En nuestro hospital misionero había un pequeño edificio con techo de barro. En ese edificio la gente planchaba la ropa del hospital. Una gran palmera, que parecía una sombrilla, extendía sus hojas tres metros sobre la entrada, dando sombra a los que trabajaban dentro. Yo me encontraba en nuestro laboratorio mirando unas placas con muestras de sangre investigando si había personas con paludismo, cuando vi a Simba descendiendo por el sendero. Bajo su brazo llevaba varias piezas de ropa.
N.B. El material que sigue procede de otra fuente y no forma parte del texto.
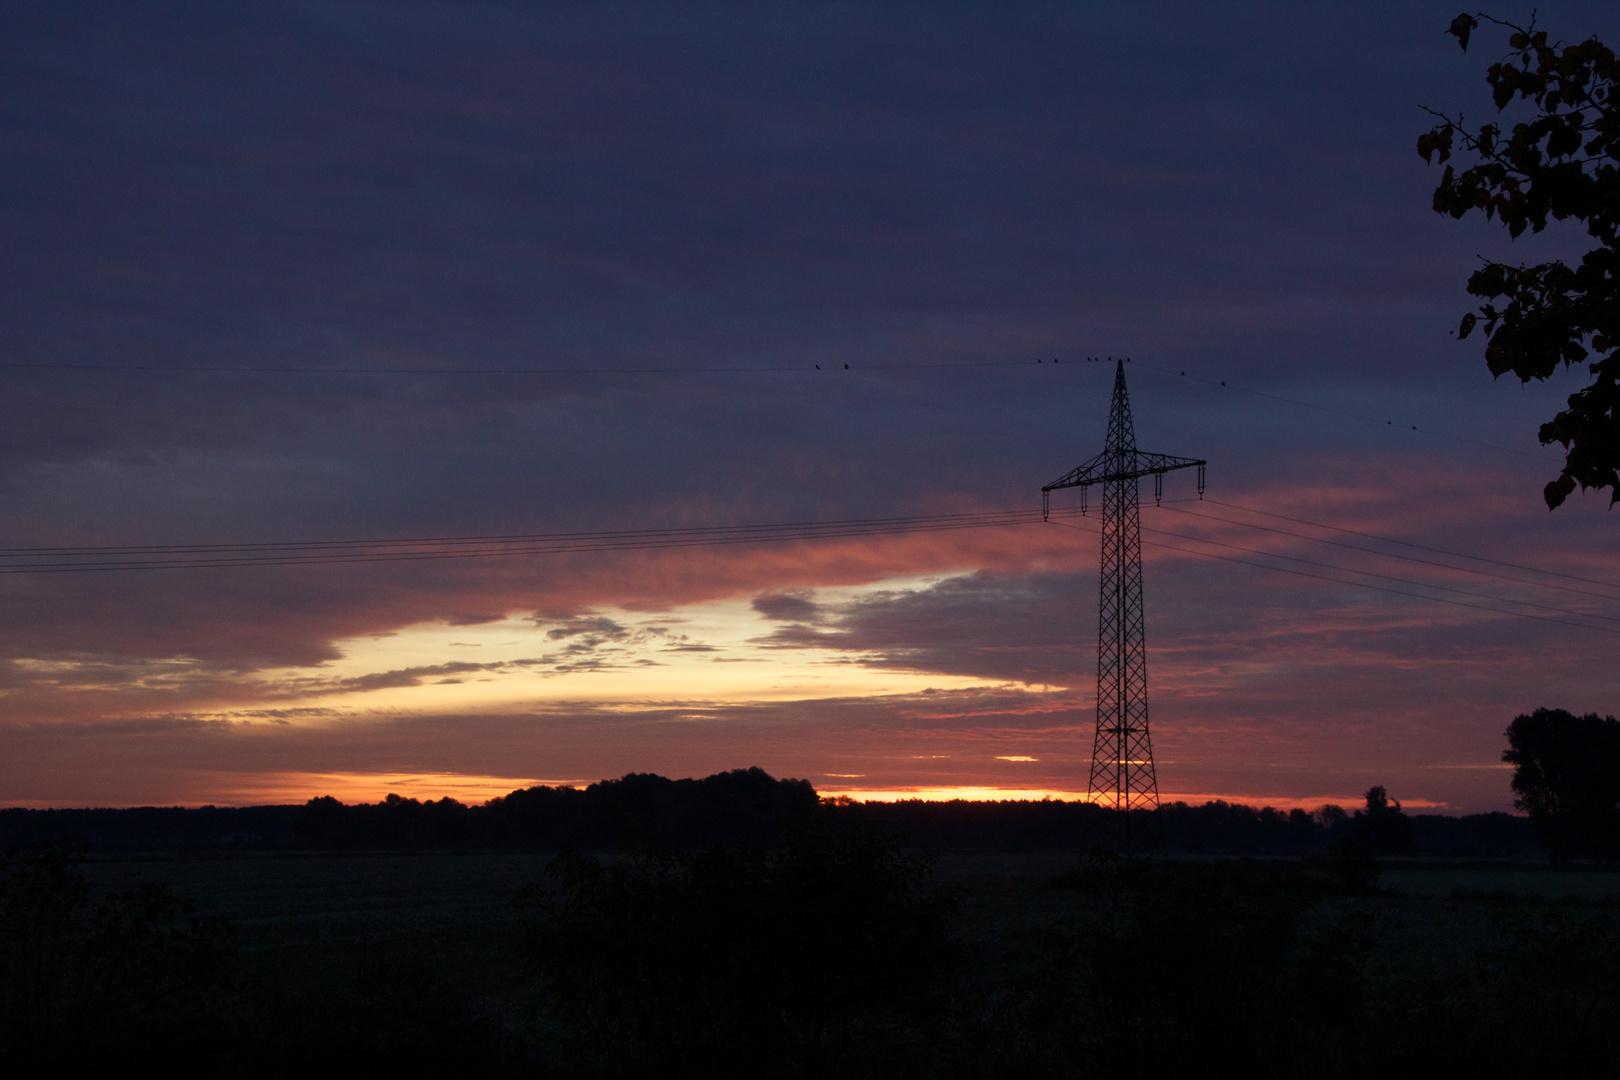 Sonnenaufgang über dem Havelland
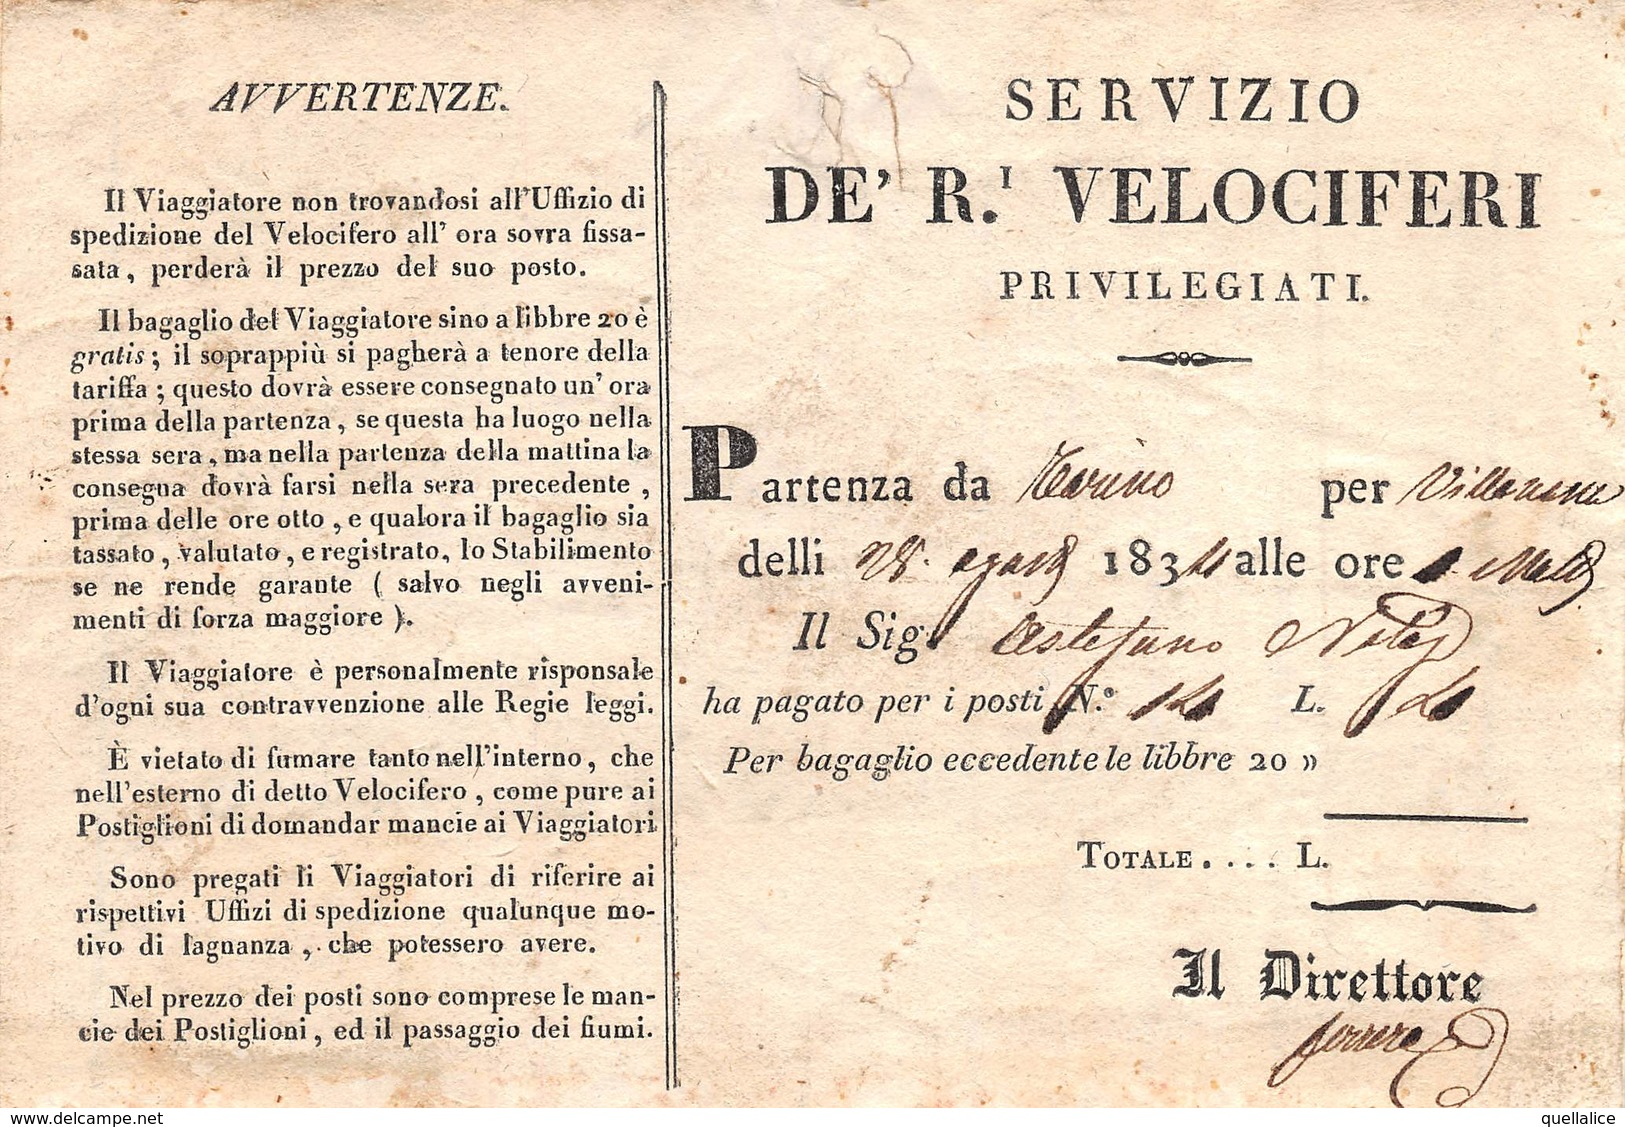 """0992 """"SERVIZIO DE' R. VELOCIFERI - 28 AGOSTO 1834 - BIGLIETTO TRASPORTO DA TORINO A VILLANUOVA"""" - Europe"""

Estaba vestido con un corte de un metro de una vieja sábana, que había sido cosida por el medio. Llevaba una calabaza llena de carbones calientes. Los colocó en una de esas antiguas planchas de hierro que aún se usan en Tanganica. La sacudió por el aire hasta que se calentó y los carbones brillaban dentro. Entonces comenzó a planchar las ropas que había traído.
En primer lugar, se puso a trabajar con una camisa de color rosa pálido. Parecía tener considerable dificultad con el cuello. La puso a un lado cuidadosamente y comenzó a planchar un par de pantalones cortos, del mismo color.
Puse el microscopio en su caja, miré por la ventana y dije:
— Jah, Simba, ¿por qué has elegido ese color?
El cazador africano rió.
— Bwana, cuando el pasto está verde, bueno, los árboles son verdes. Cuando hay sequía, la tierra y el pasto son del color del té con leche. Mira, le traje a Perisi ropas de color rojo pálido. Por eso, tengo que usar yo también ese color.
Lo decía muy seriamente, de modo que tuve que contener mi sonrisa. Sopló cuidadosamente las ascuas de su plancha, la colocó en su debida posición y se puso la ropa planchada sobre el brazo.
— Bwana, rápido, ven a la sala de niños, ¡hay un bebé con convulsiones! — dijo una voz anhelante en la puerta.
Alcance a mi gorra ya al salir corriendo, vi a Perisi.
— ¡Perisi, rápido! ¡Ven conmigo, hoy verás algo que te ayudará en tu nueva vida! ¡Rápido!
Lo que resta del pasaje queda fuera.